#### Task brief:
The answer must be only the lines below from the one holding "上遠野浩平のおすすめ小説ランキングベスト5!ライトノベルの先駆者!" down to the one holding "Izzi Outerwear Vintage", ends included, printed exactly; please omit all pictures.

#### Input:
______________________________
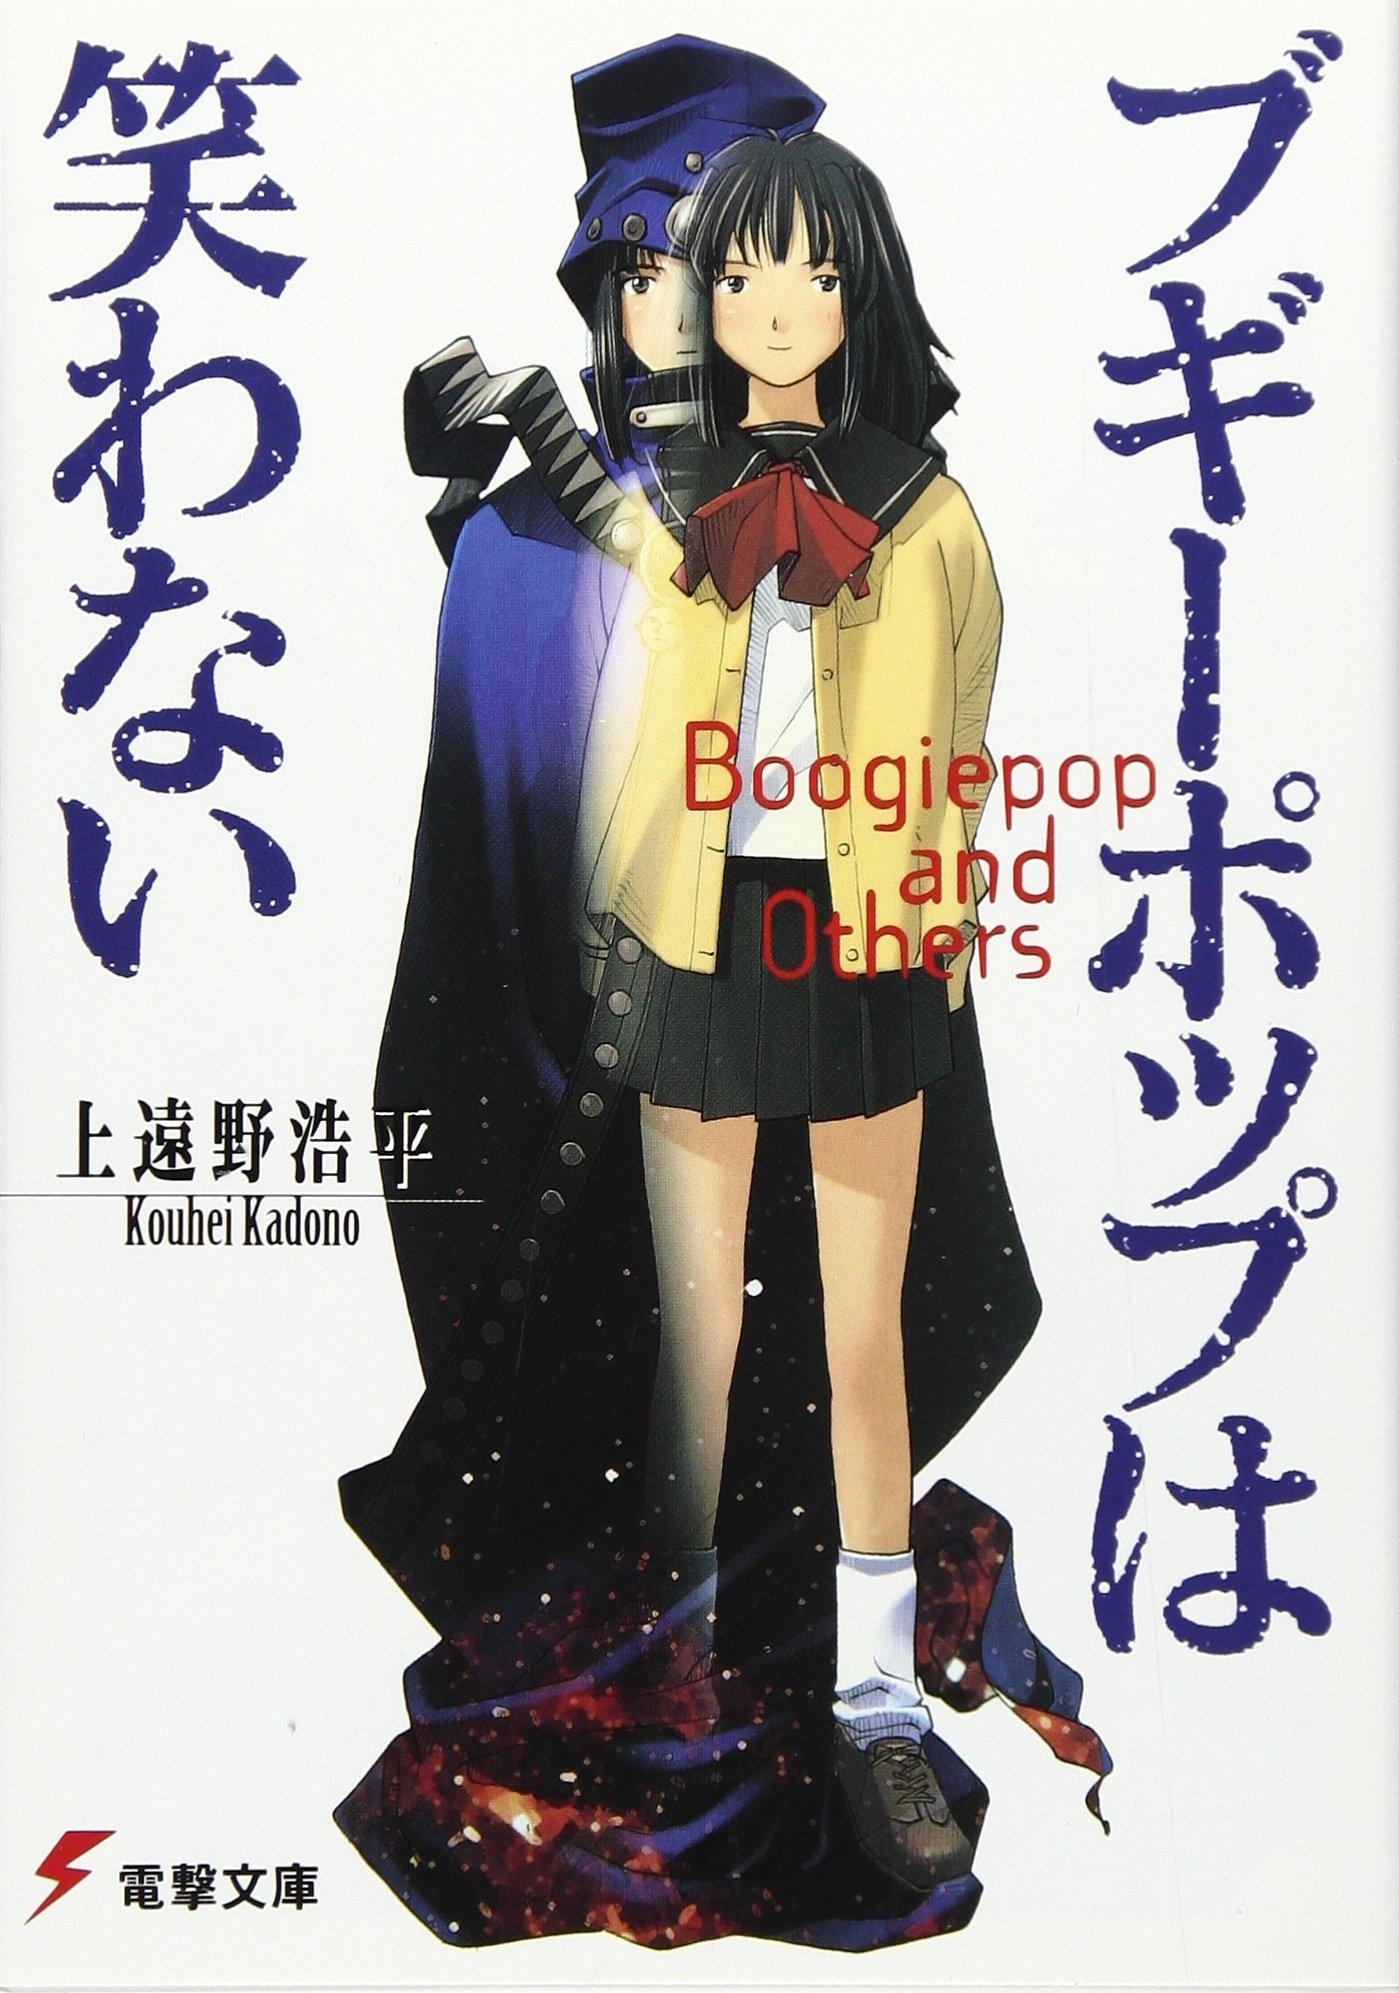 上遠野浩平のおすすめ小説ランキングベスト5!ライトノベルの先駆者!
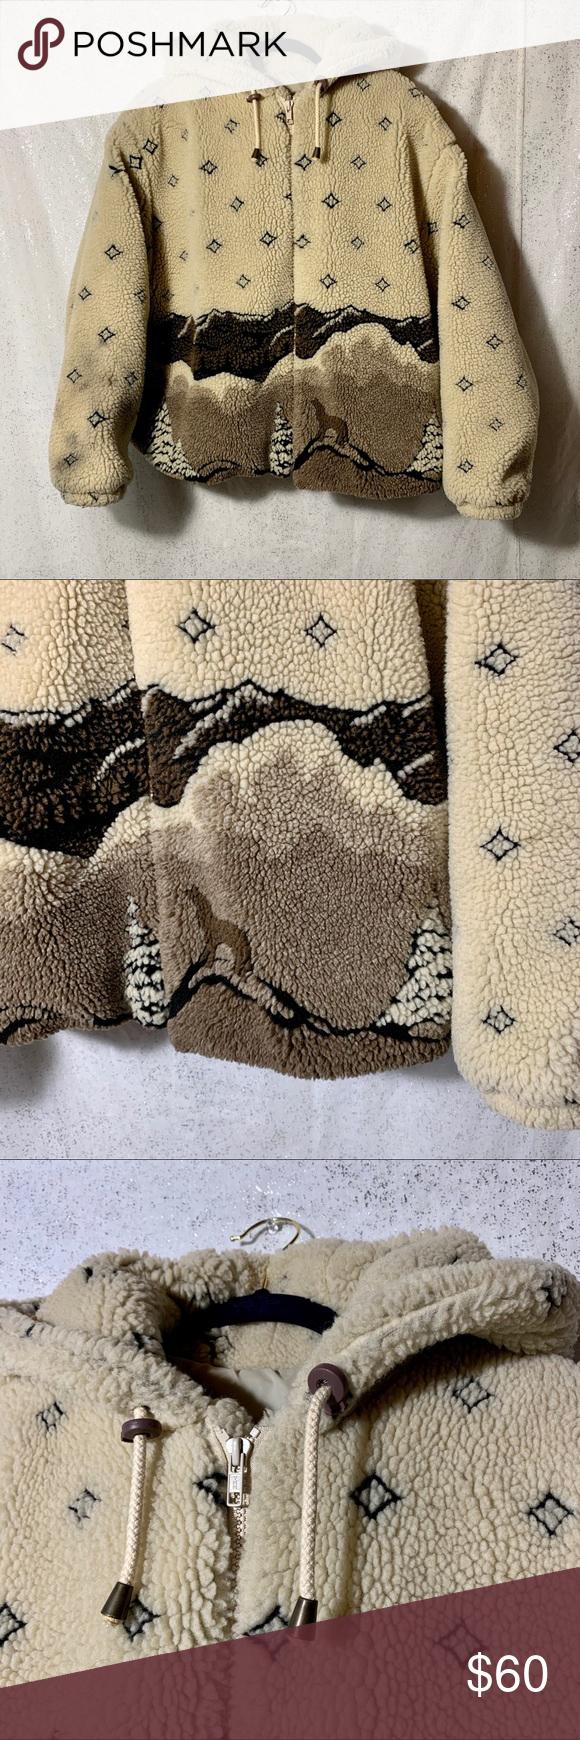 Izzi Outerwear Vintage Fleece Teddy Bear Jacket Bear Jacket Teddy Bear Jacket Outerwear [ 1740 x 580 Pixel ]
______________________________
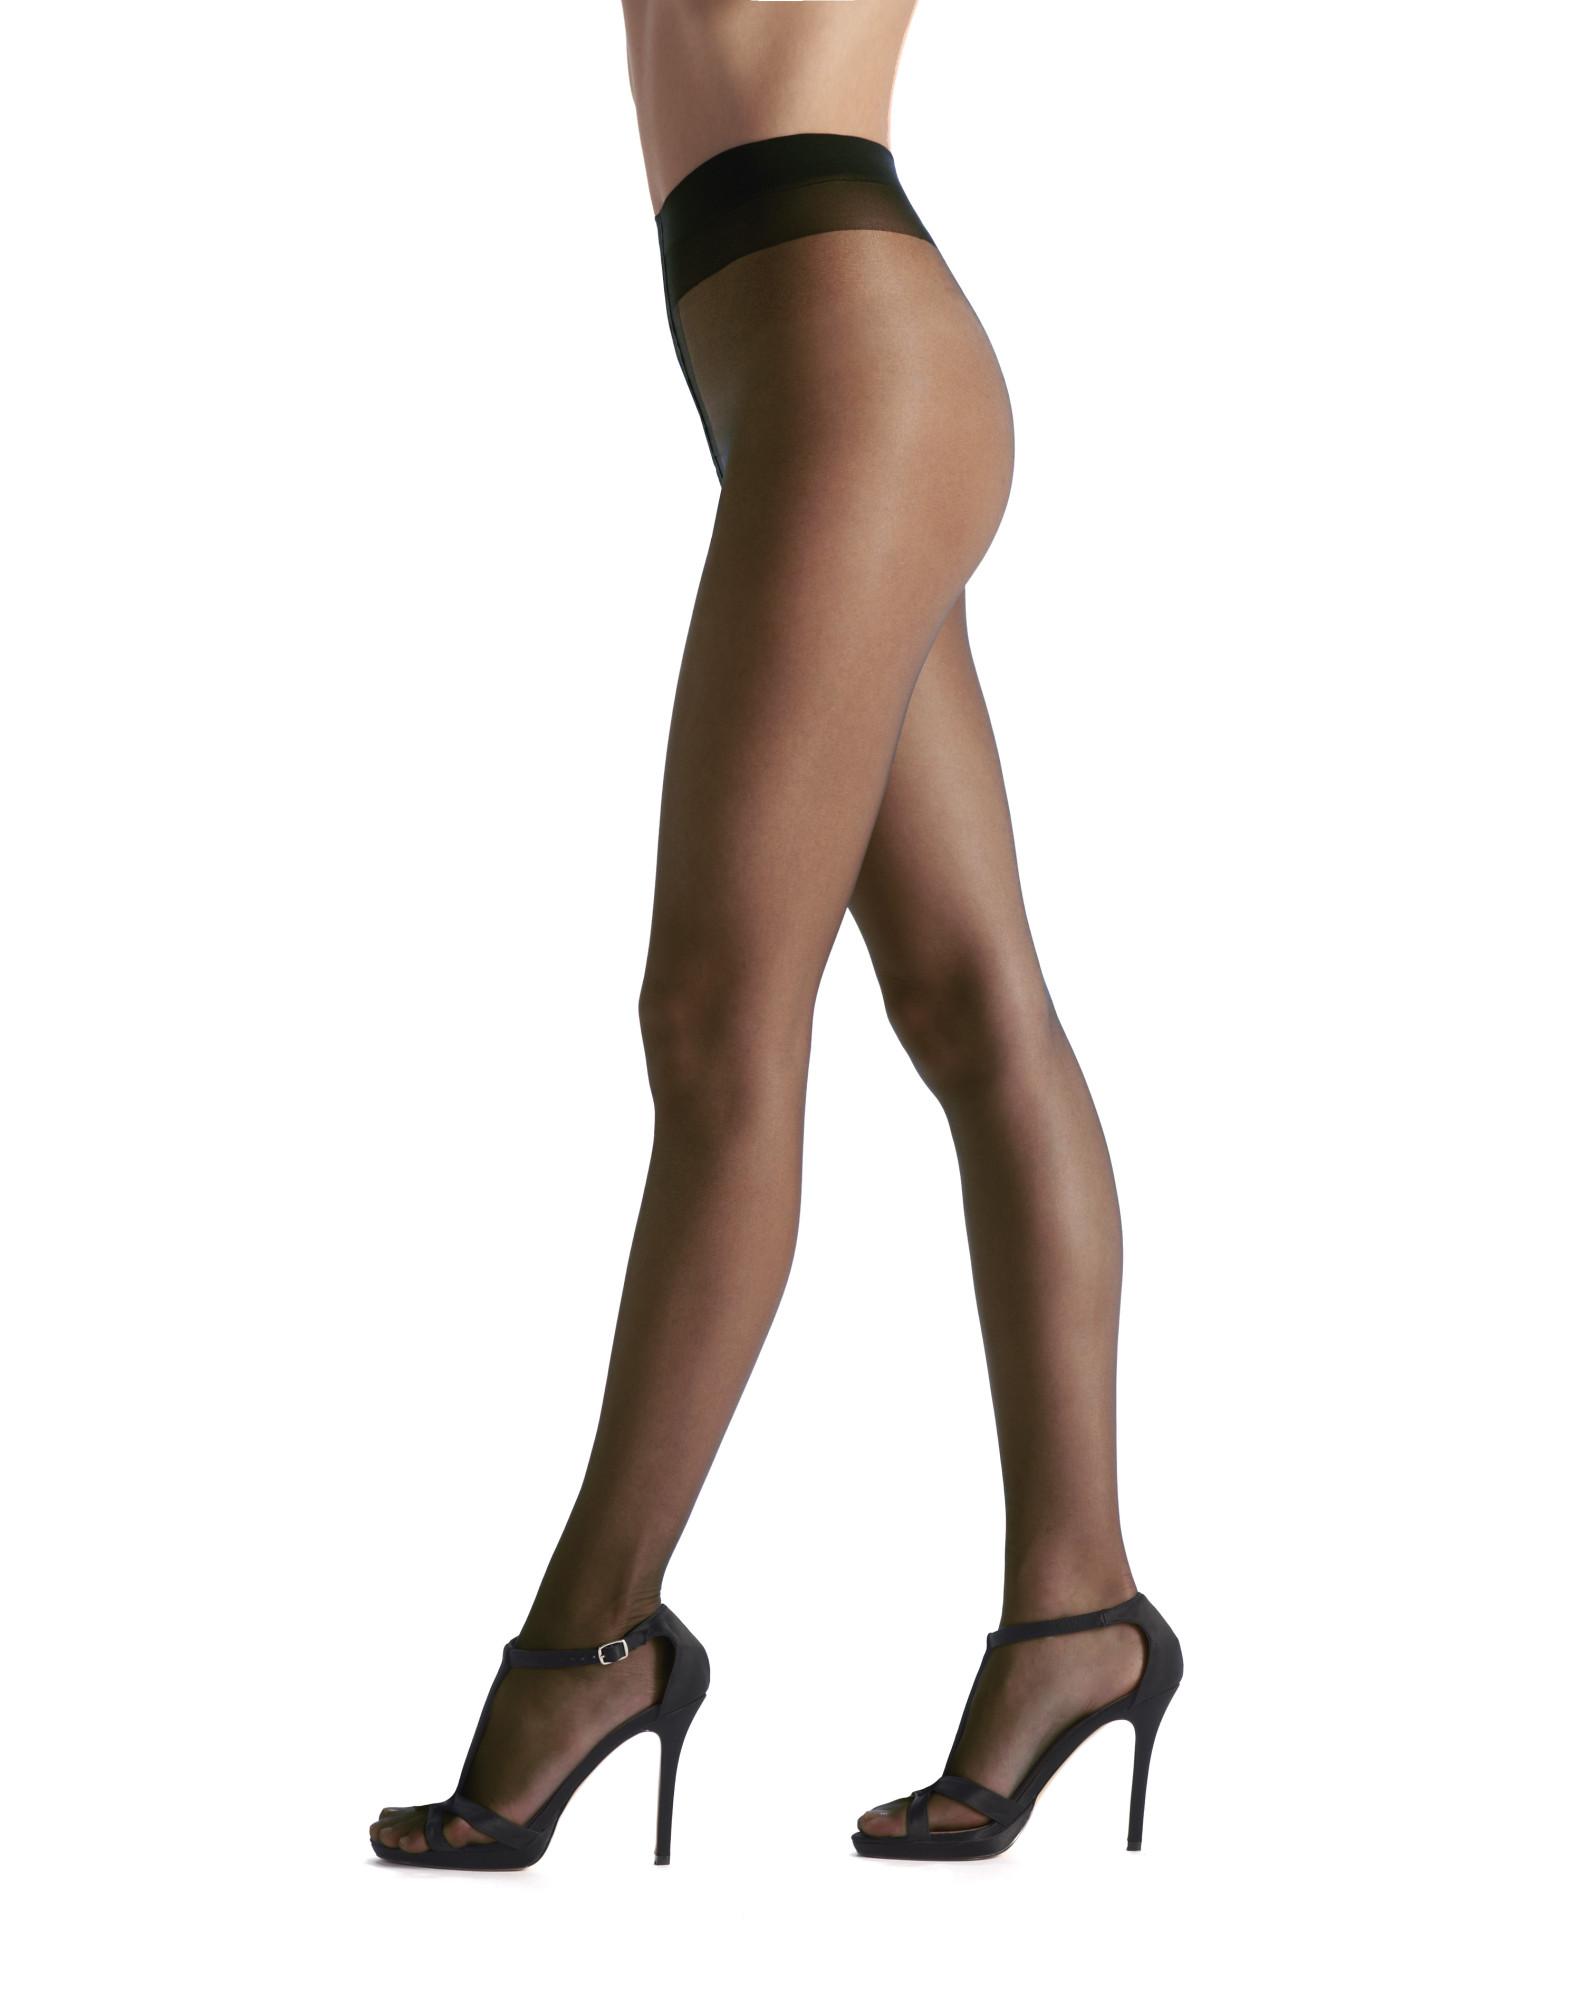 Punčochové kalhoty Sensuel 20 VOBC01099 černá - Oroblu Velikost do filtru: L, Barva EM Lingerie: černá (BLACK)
______________________________
#### Solution for this task:
 上遠野浩平のおすすめ小説ランキングベスト5!ライトノベルの先駆者!
 Izzi Outerwear Vintage Fleece Teddy Bear Jacket Bear Jacket Teddy Bear Jacket Outerwear [ 1740 x 580 Pixel ]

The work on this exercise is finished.